The key aspect missing from this system is trust. When you begin to look at developers as being paid to write code, not solve problems, you are removing all trust in their ability to deliver value. A culture of micromanagement and avoiding responsibility for the features being delivered will creep in. People will begin to “Stay in their Lane”, afraid of the backlash of stepping into another’s domain. Lines will be drawn between Business, Development, QA and Operations - each step in the chain seeing the next as being subservient to them, whilst seeing the former as reckless yahoos hurling unexploded ordnance. Does this sound like psychological safety to you?

Ultimately, the thing that suffers from this adherence to a controlling process and mistrusting all the other parties involved, is the business. This trust needs to flow outside of the development team as well - there needs to be trust that the business at large knows what features will deliver value to customers. If you can’t trust the rest of the people you share an office with, you’ll forever be looking over your shoulder, waiting for things to go wrong.

The worst panic I’ve ever had as a software developer was when I accidentally forgot a WHERE clause in a piece of SQL, which caused a huge chunk of the system to become unusable. Looking back, what I’ve realised is that I wasn’t really panicked because I had bricked the system - I’d made plenty of bigger mistakes in my career, even before software development. It’s because for the first time, I’d made a mistake where I had zero agency to fix it. Despite being able to quickly track down the issue, I essentially had to shoulder surf a release manager fixing the problem. He did some pretty wizzy data restoration while I was convinced it would have needed restoring a backup - the real value in getting someone senior involved in an incident. What should have been a short fix, test, release cycle though - took half a day.

Liberty Means Responsibility

Ultimately, I traded my autonomy and responsibility for a sense of safety. The idea that I’m not going to be attacked when something goes wrong as a consequence of my actions. But in some ways, I struggle to understand why I’m so scared of software development. My specialisation when I worked as designer/artworker was in large format print. And I mean properly large. Exhibitions and shows were my unique selling point. I’ll even chuck a picture below of easily the most nerve wracking thing I ever sent to print - a massive, 4 meter square vector illustration based on Minecraft, that went up in the V&A courtyard.

Mincecraft at the V&A

Yet I’ve allowed myself to become scared by processes and procedures, that tell me I should be nervous about sending my code to production. That an army needs to stand between my keyboard and the client, and that’s okay because it isn’t my job to worry about it anyway.

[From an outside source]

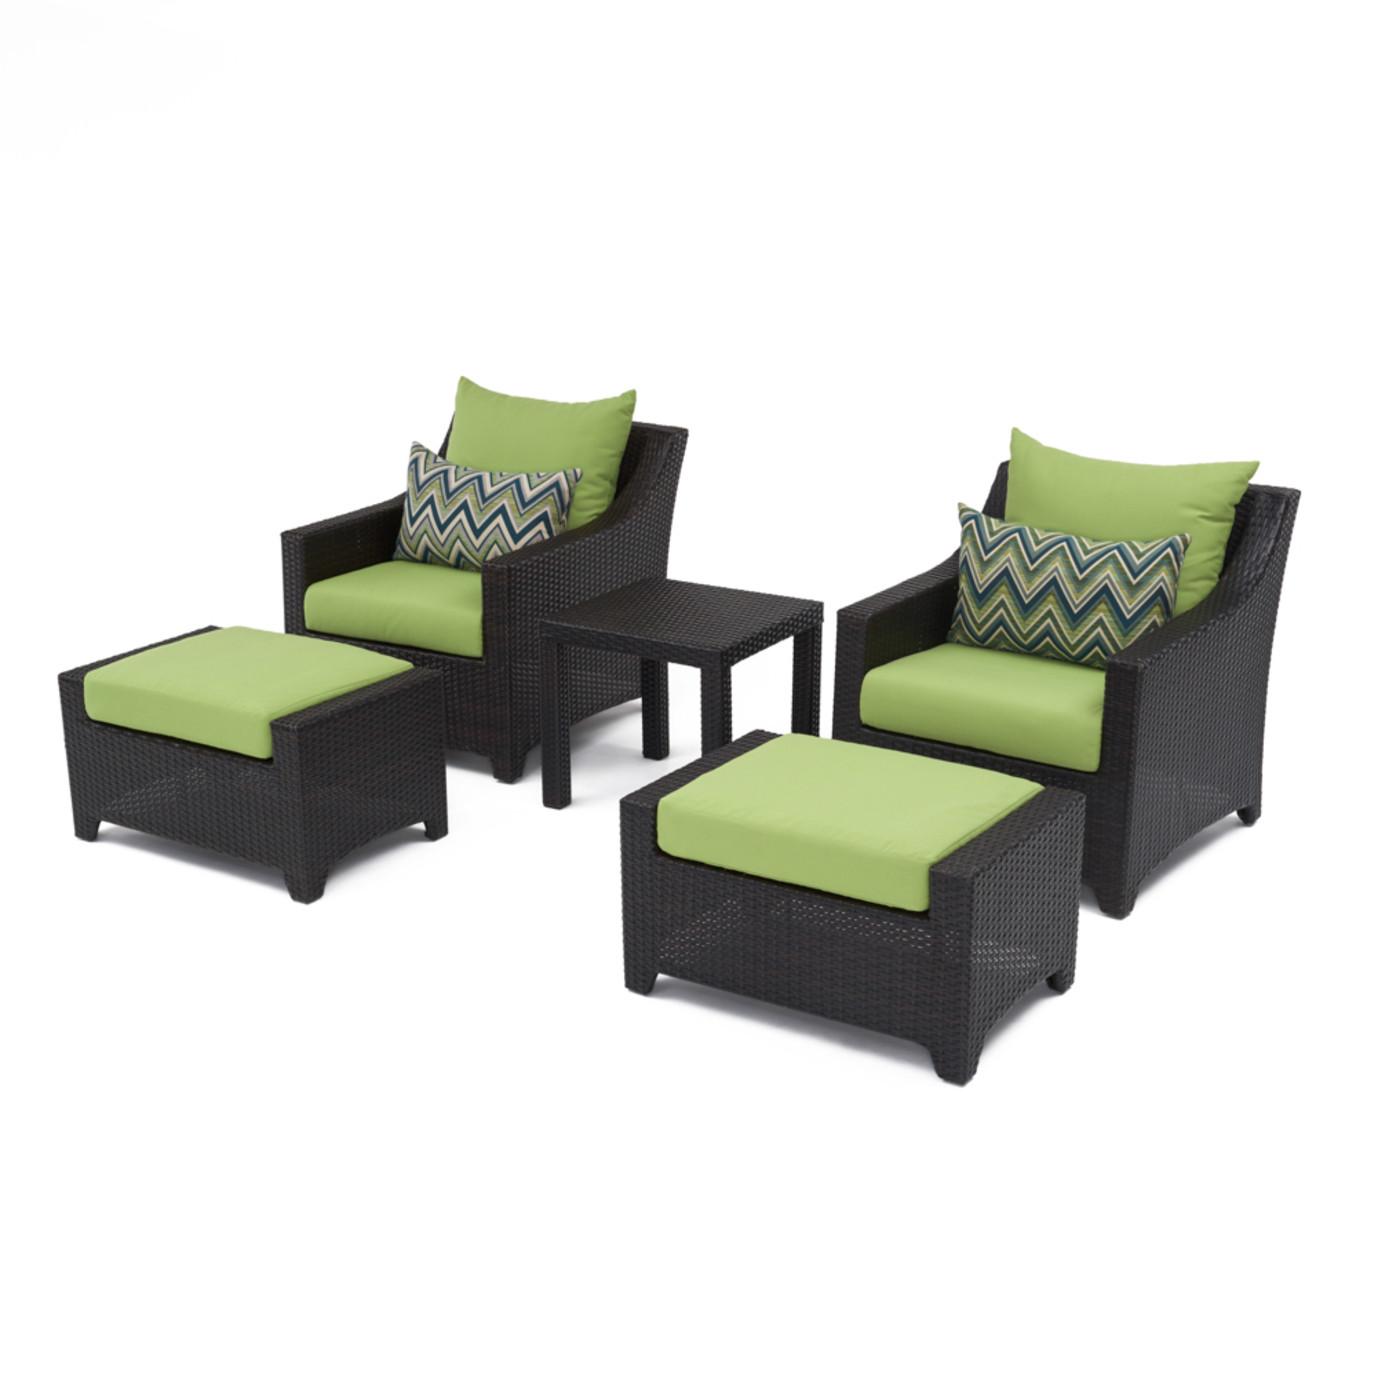 Deco™ 5pc Club Chair and Ottoman Set - Ginkgo Green

That I should be spending 100% of my time writing my code in my editor, instead of worrying about the software I’m delivering.

As with most things in life, when I’m looking for the guilty party in this, I need only look in the mirror. Whilst I didn’t establish any of the processes that created this divide from the software I develop, I’ve still been complicit in going along with it. I’ll complain about the time it takes to achieve things - then wash my hands of it, and write it off as “Not my job”. Because I’ve been told it isn’t my job.

If I could encourage any developer out there reading this to do one thing, it’s to try and take as much responsibility as you can for the code you write. You’ll be surprised how good it feels to have responsibility for the features you deliver, even when they go a bit askew. You might worry about not being able to do this in your business, but improving yourself and your processes is entirely in your control. Bring this mentality into your personal projects - establish an idea of a “production”, even if that’s just a raspberry pi running somewhere, and think about the entire lifecycle of your software.

Because much like a tree falling in the woods, if no one is using your software (including you), does it really run?

This whole post is massively inspired by my reading the excellent The Unicorn Project by Gene Kim. Go read it, as well as it’s companion book The Phoenix Project.